YOUR INSTRUCTIONS: Where the line containing "Men's Long Sleeve" appears, start repeating, and continue exactly through the last line below, adding nothing. Include no pictures.

DATA BELOW:
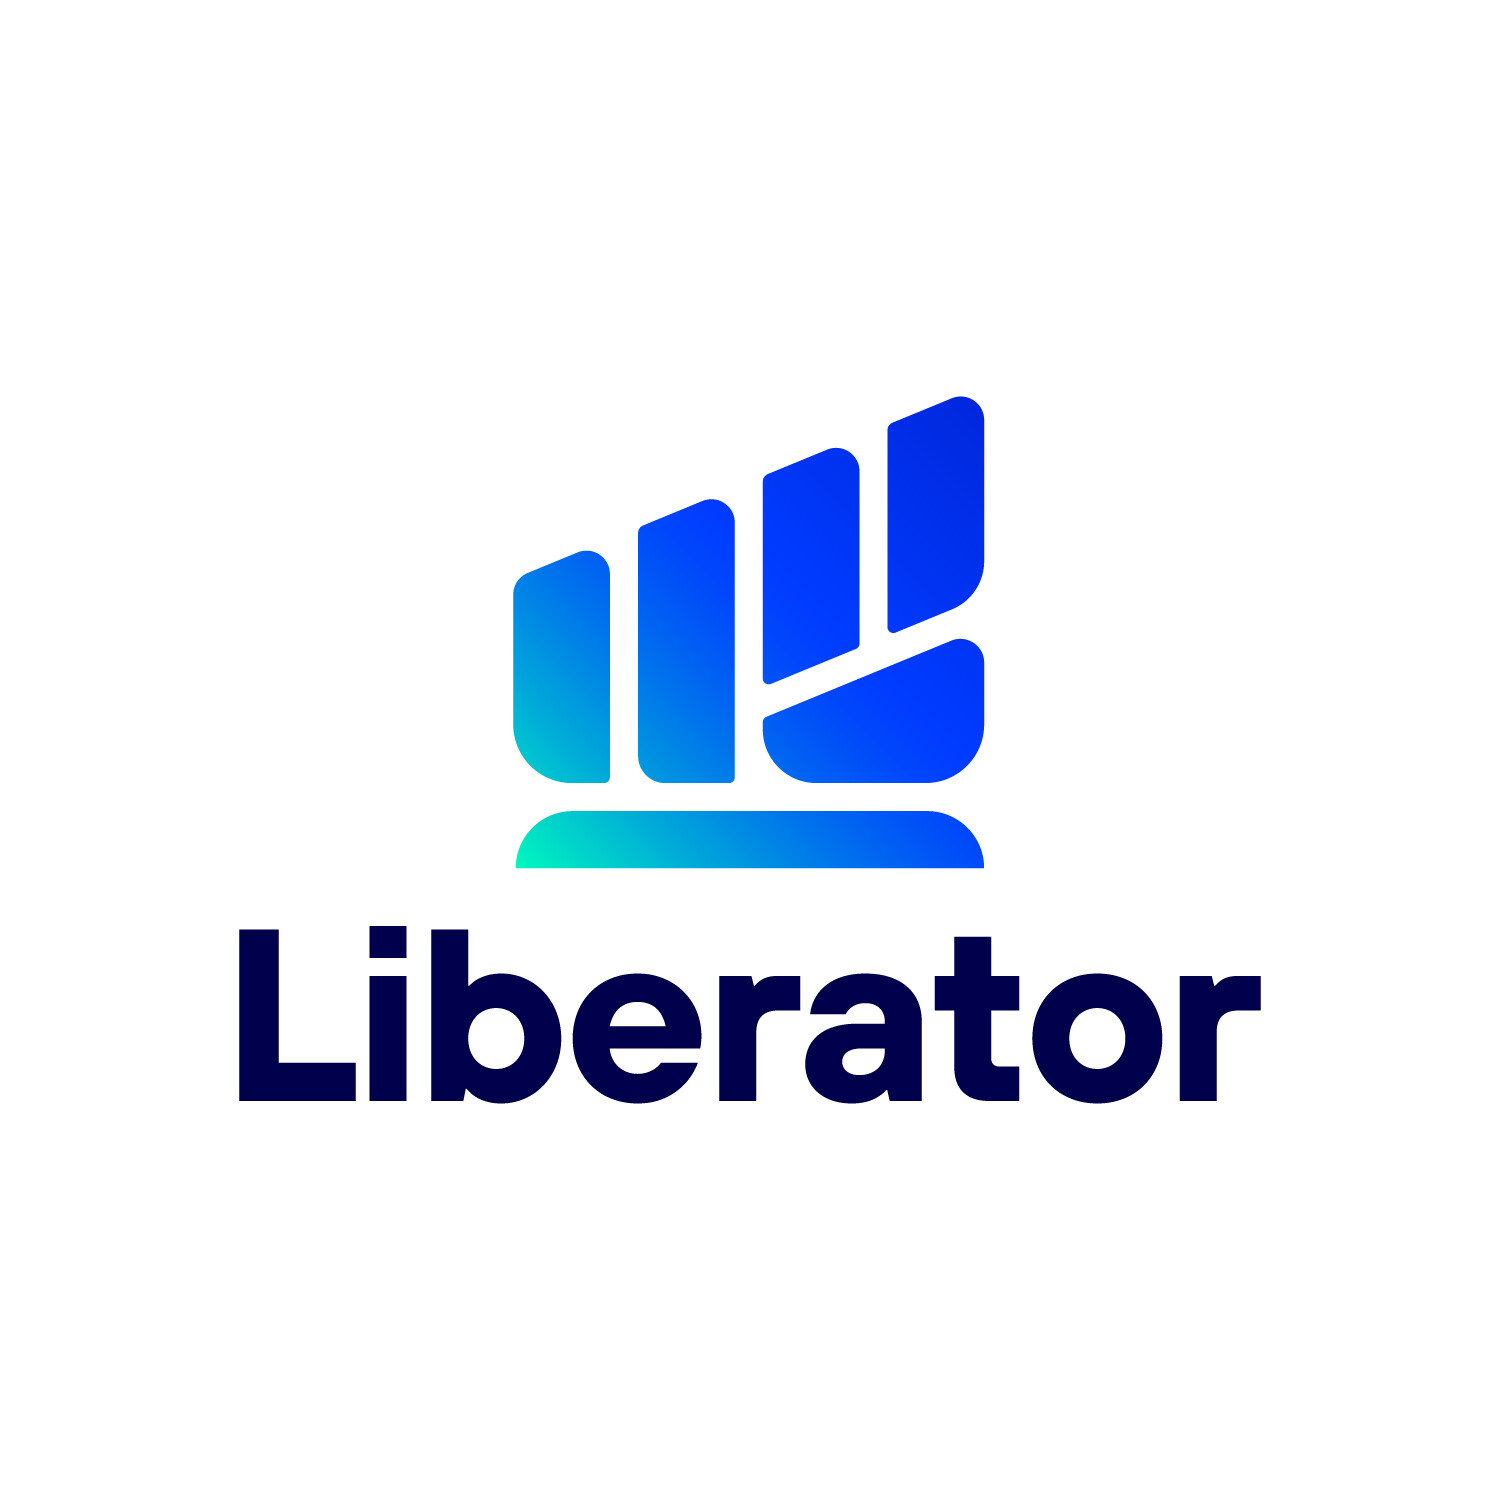 นักลงทุนเฮ…"Liberator" เปิดบริการเทรด TFEX ฟรีไม่มีค่าคอม 17 เม.ย. นี้!! เดินหน้าปล่อยผลิตภัณฑ์การลงทุนต่อเนื่อง เตรียมพบเทรดต่างประเทศไม่มีค่าคอมในไตรมาส 3 ปีนี้
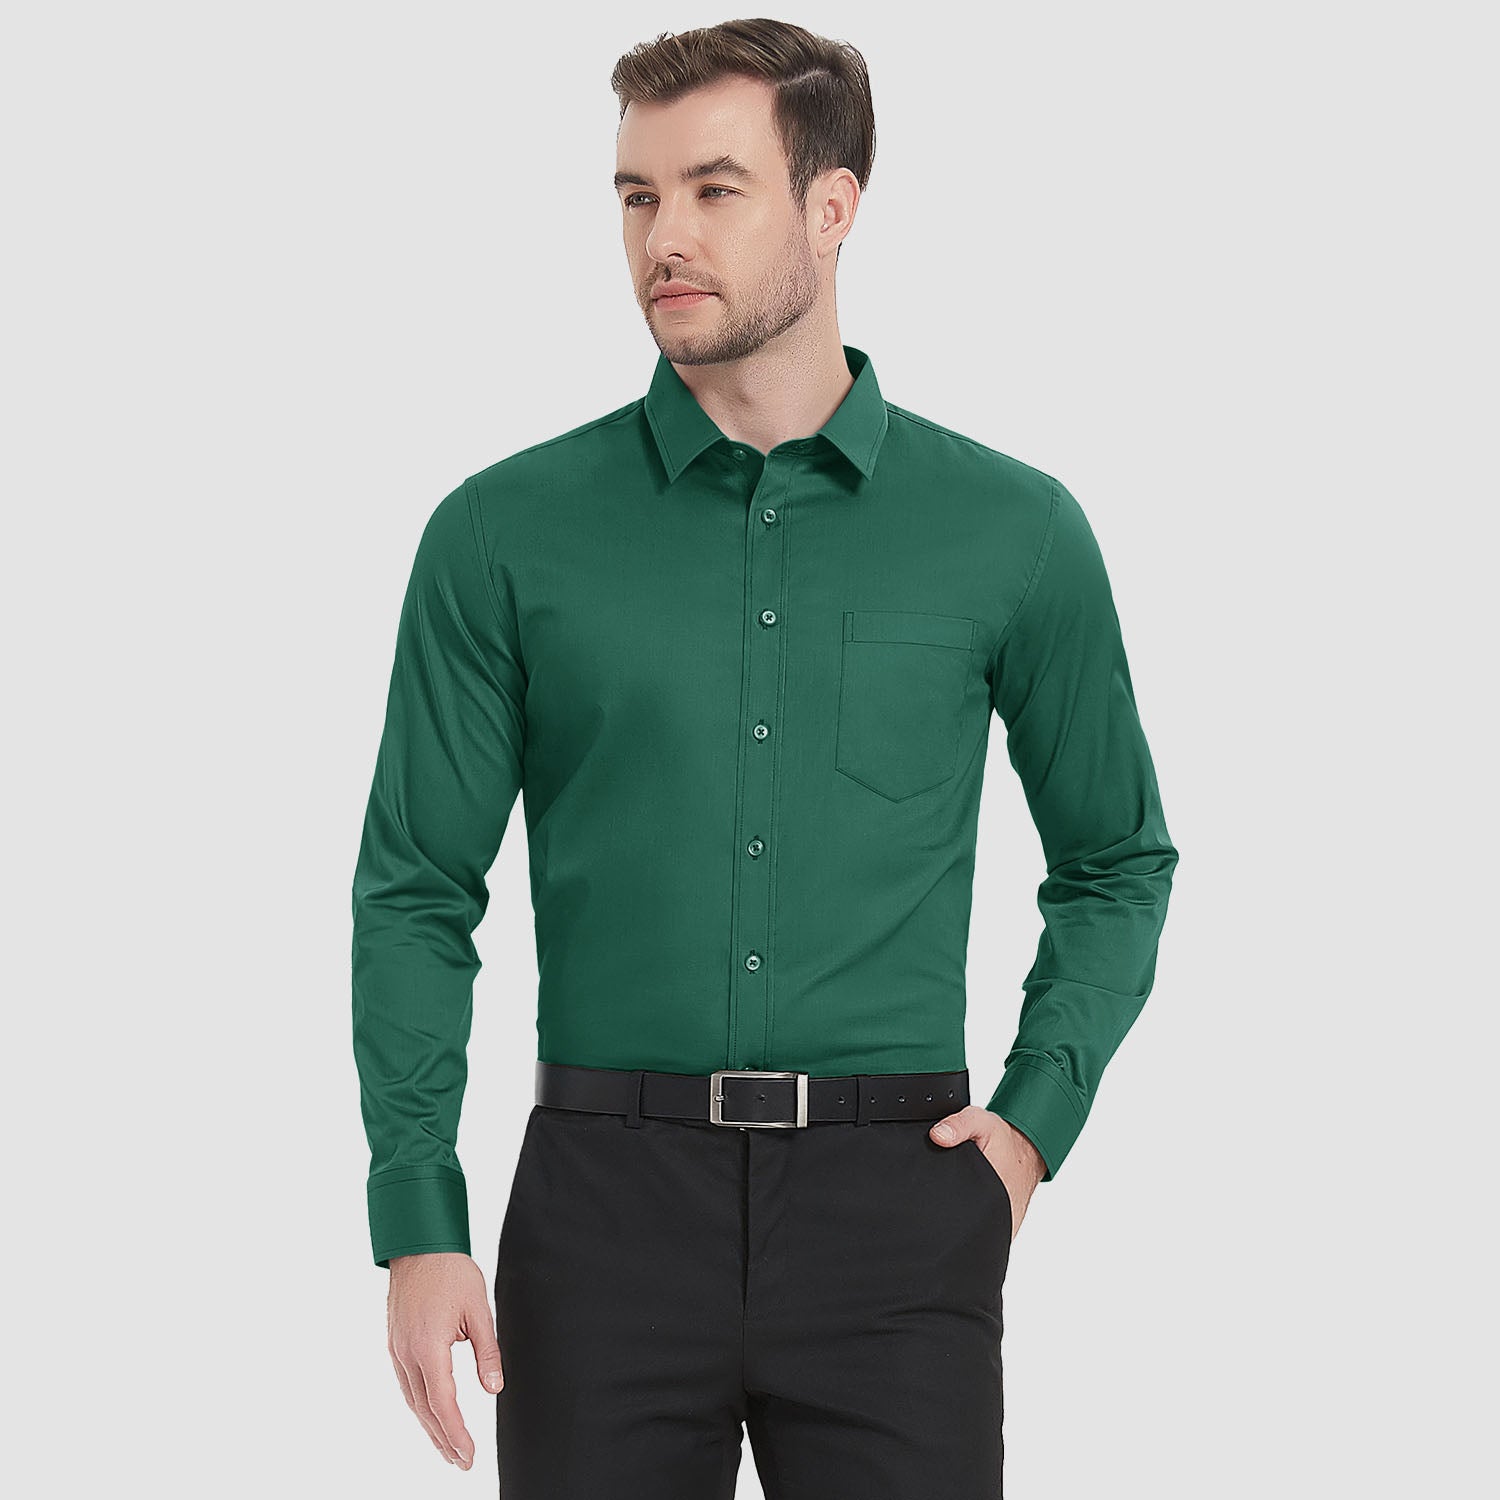 Men's Long Sleeve Dress Shirts Regular Fit Business Shirt
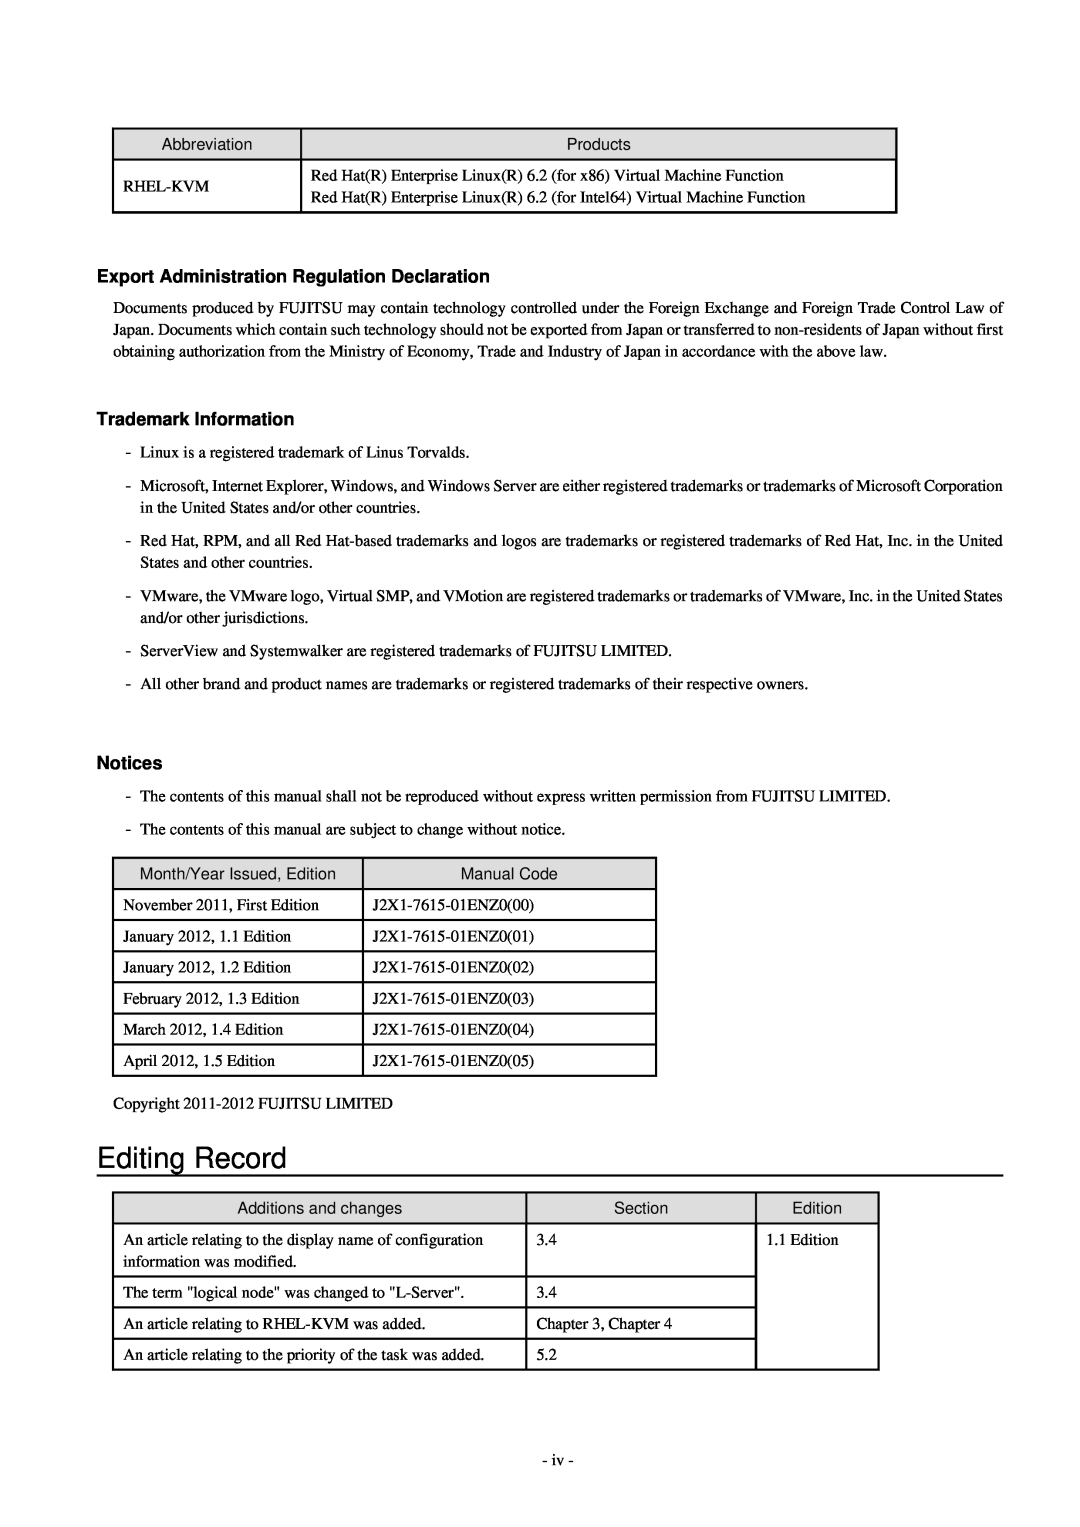 Fujitsu V3.0.0 manual Editing Record, Export Administration Regulation Declaration, Trademark Information, Notices

RESULT BELOW:
 Men's Long Sleeve Dress Shirts Regular Fit Business Shirt
 Fujitsu V3.0.0 manual Editing Record, Export Administration Regulation Declaration, Trademark Information, Notices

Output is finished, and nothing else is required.